The U.S.hotel industry experienced a 22 percent increase in per-room value in 2006, according to information recently released by Hotel Valuation Services. This marks the third year in a row with at least 20 percent growth.
On average, per-room values in the United Statesrose by roundly $18,000 in 2006, and all but four of the 66 markets reviewed experienced increases in per-room value, according to the 2007 HVS U.S. Hotel Valuation Index.
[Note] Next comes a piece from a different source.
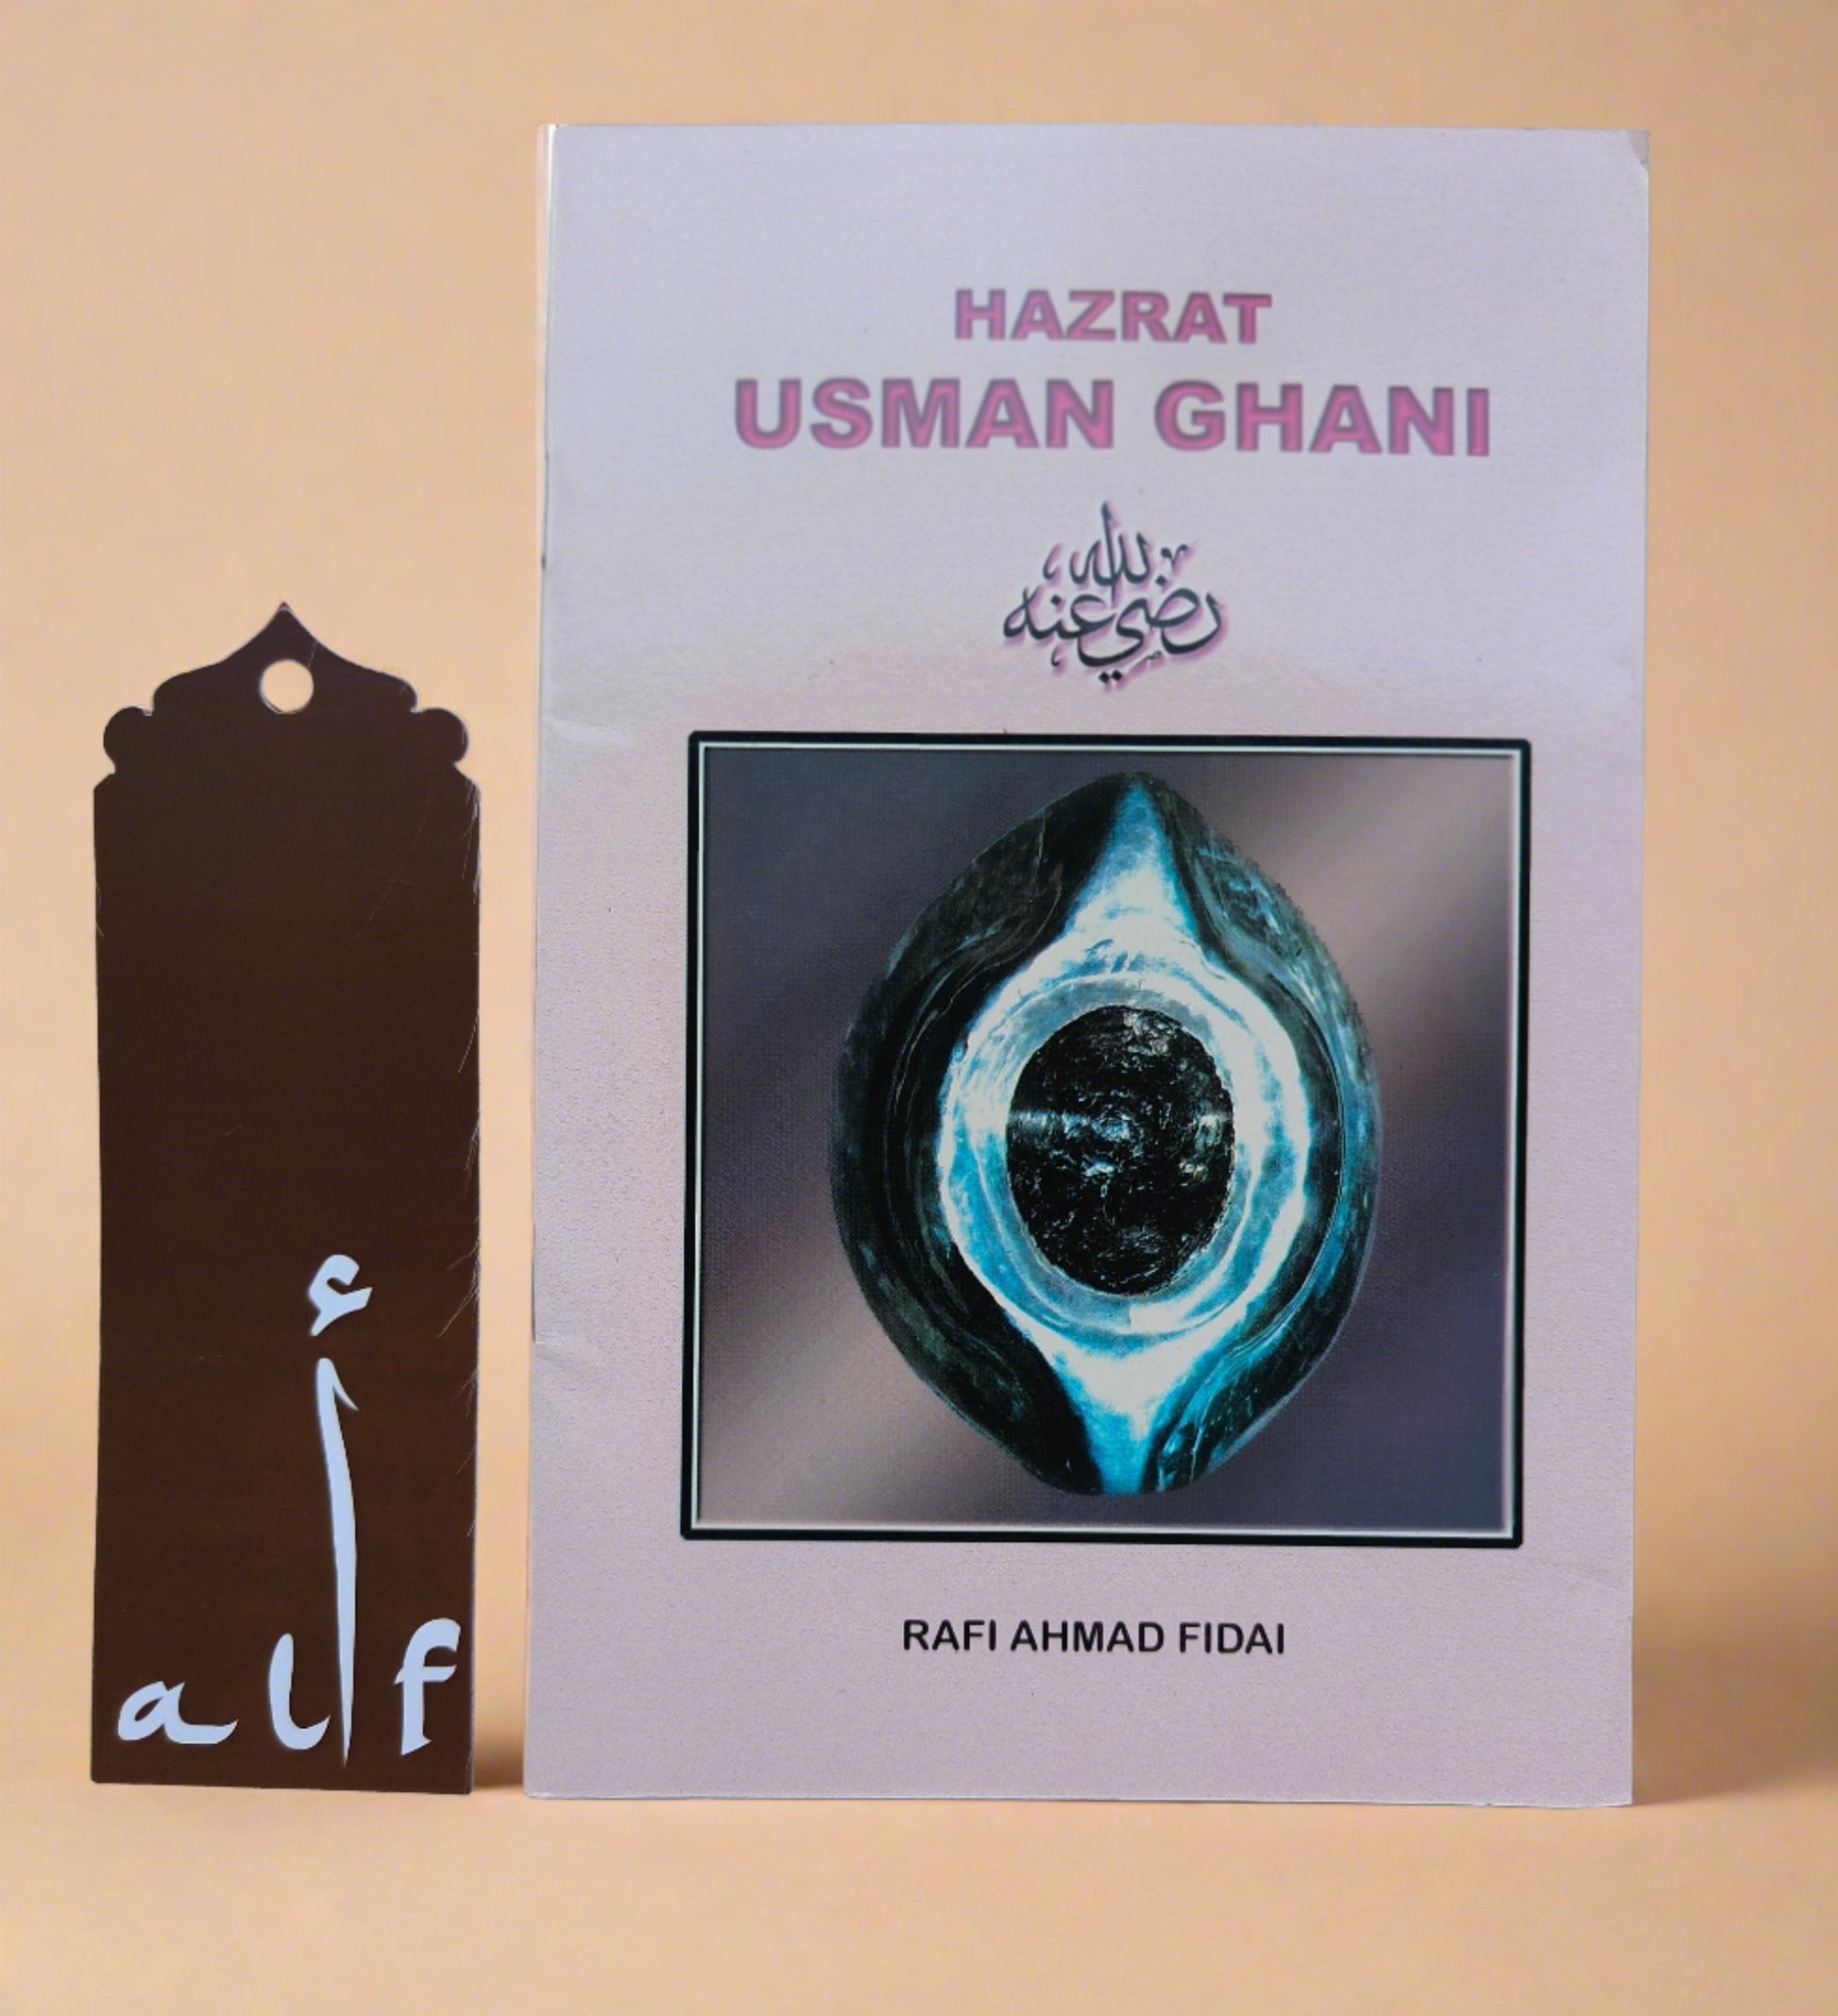 Hazrat Usman Ghani alifthebookstore

"Even more telling is that the decline of capitalization and interest rates in the United States indicates continued favorable financing conditions for investors to refinance or buy lodging facilities for the next two years,” according to report authors Steve Rushmore, MAI, president and founder of HVS, Sumit Kapur and Michael J. Pajak.
The HVI tracks and discusses hotel values in 66 major U.S.markets and for the United States as a whole. Created in 1987 by HVS, a global hospitality consulting and hotel appraisal firm, the HVI is derived from an income capitalization approach, utilizing market area data provided by Smith Travel Research and historical operational and capitalization rate information from HVS’s extensive global experience in hotel feasibility studies and valuations.
The 2007 HVI also features a Volatility Index, an investment analysis tool that assists in identifying markets in which to buy or build hotels. Index developer Rushmore explains that the Volatility Index determines the standard deviation in market per-room value changes since 1987, and divides this standard deviation by the overall average per-room value of a market during the same period. “Markets with historically minimal changes in value (volatility) that are expected to record strong increases in per-room value demonstrate favorable market conditions to buy or build hotels,” Rushmore said.